Task requirements:
What is wanted is the full listing, word for word, without its pictures.

Raw data:
=== Section Start ===
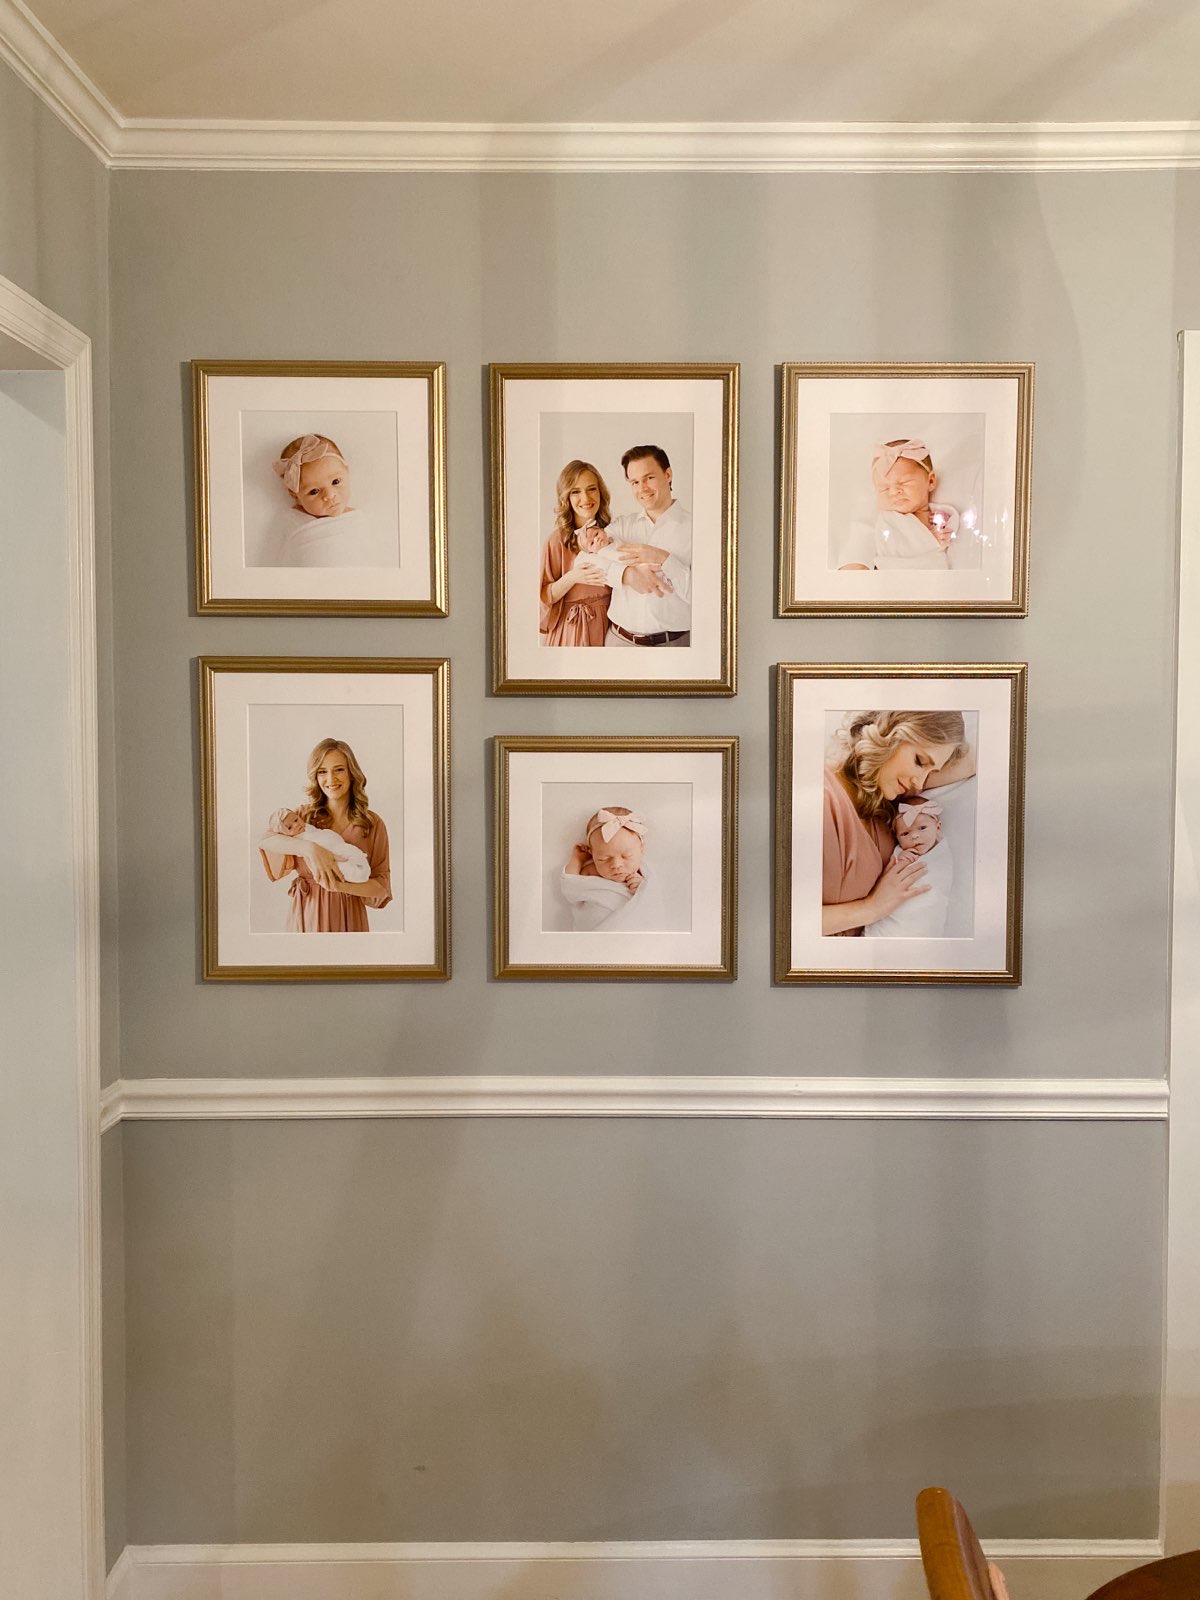 Gallery wall hanging in clients home designed by Atlanta Newborn Photographer, Lindsey Powell Photography
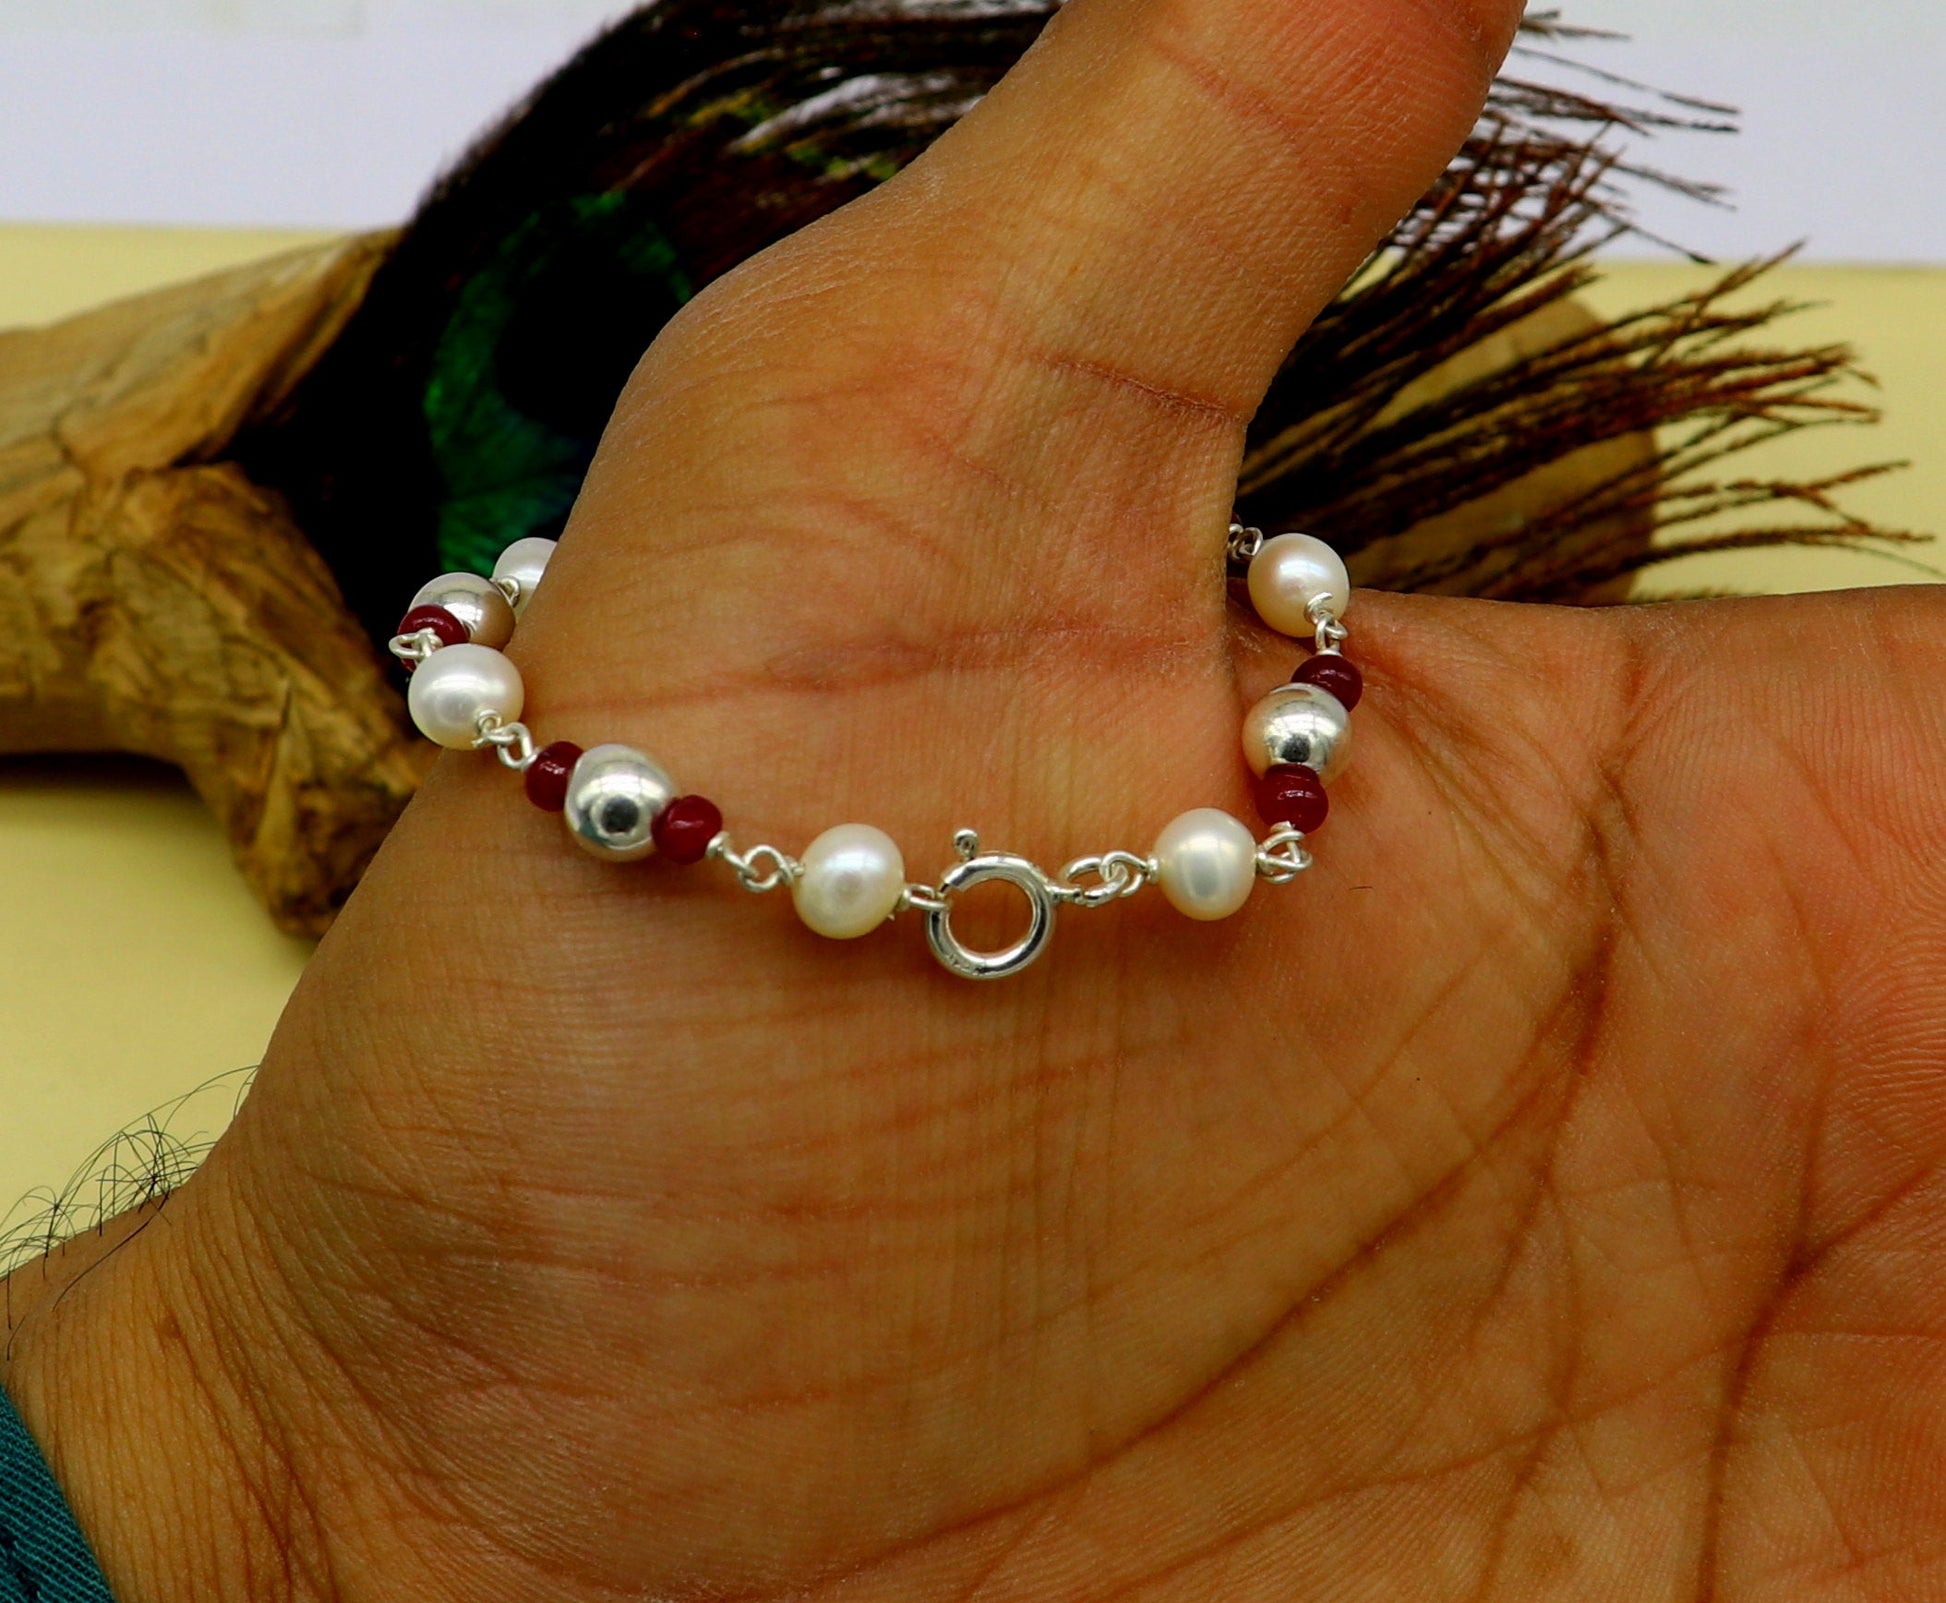 5mm silver and pearl beaded 925 sterling silver handmade customized baby bracelet, fabulous gifting kids jewelry, new born baby jewelry bbr4 - TRIBAL ORNAMENTS
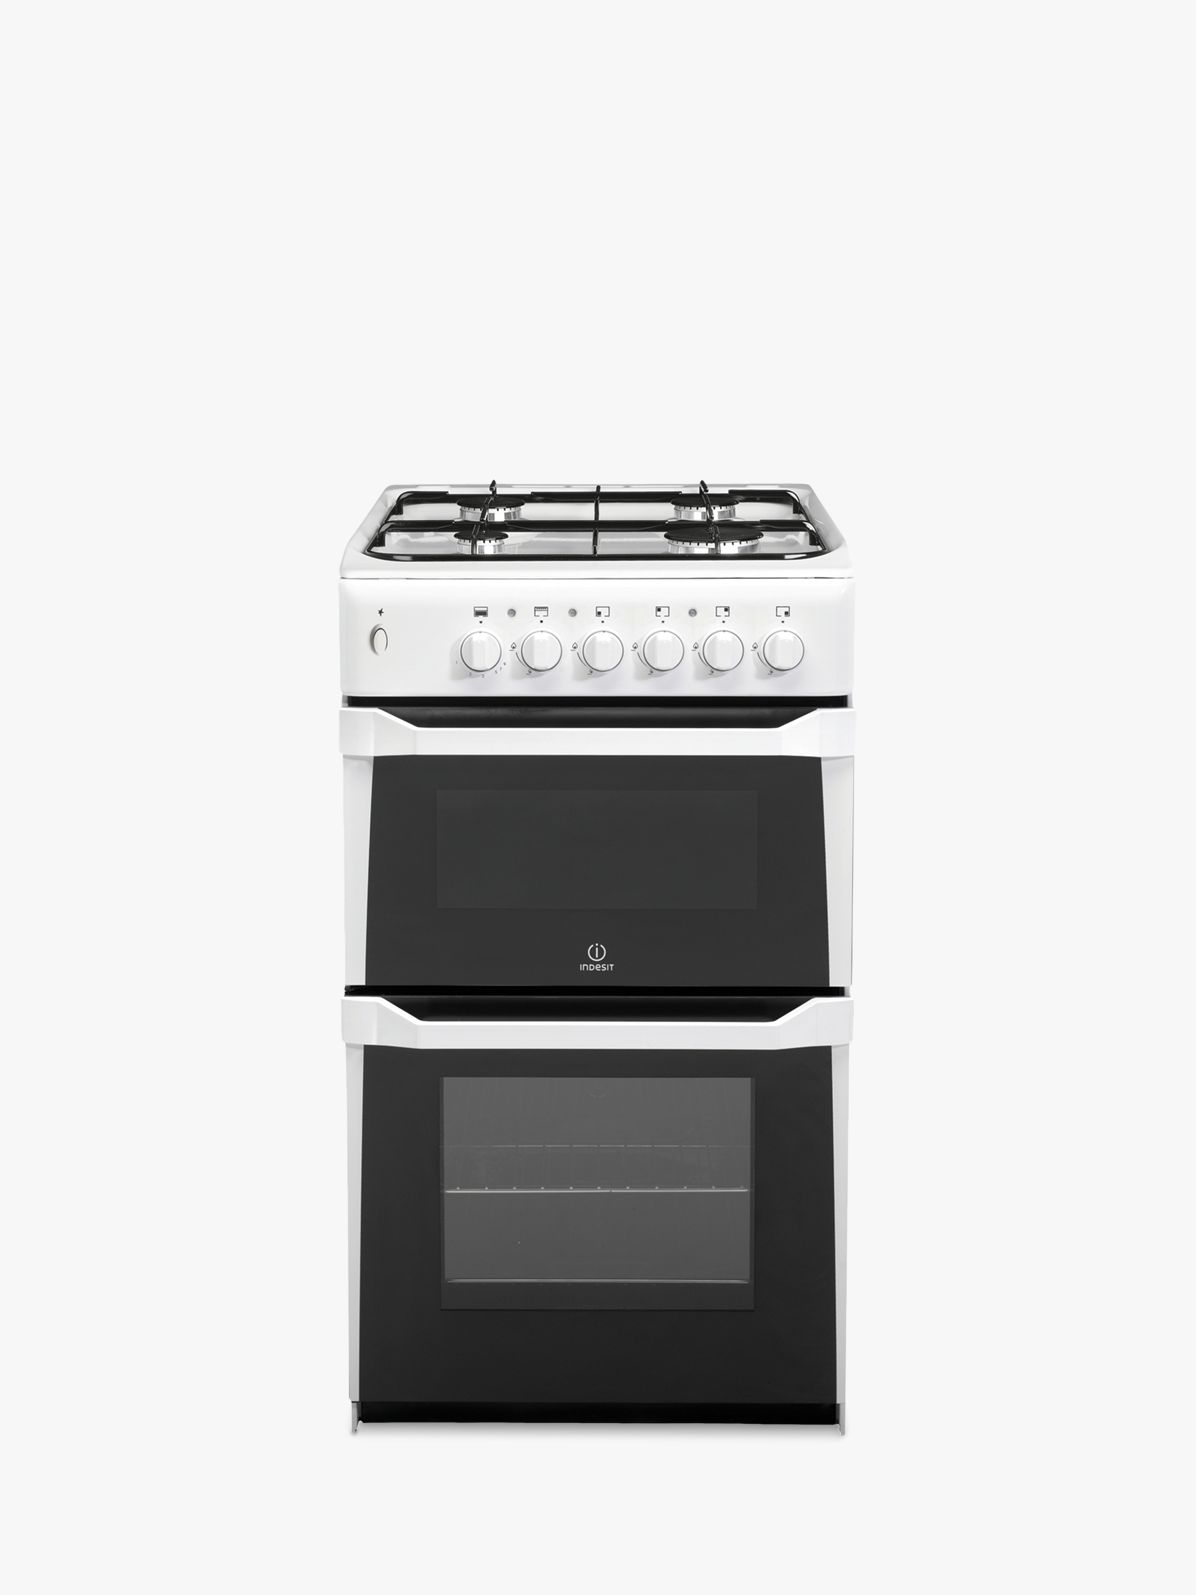 Indesit Advance IT50GW Freestanding Gas Cooker, White
=== Section End ===
Task response:
 Gallery wall hanging in clients home designed by Atlanta Newborn Photographer, Lindsey Powell Photography
 5mm silver and pearl beaded 925 sterling silver handmade customized baby bracelet, fabulous gifting kids jewelry, new born baby jewelry bbr4 - TRIBAL ORNAMENTS
 Indesit Advance IT50GW Freestanding Gas Cooker, White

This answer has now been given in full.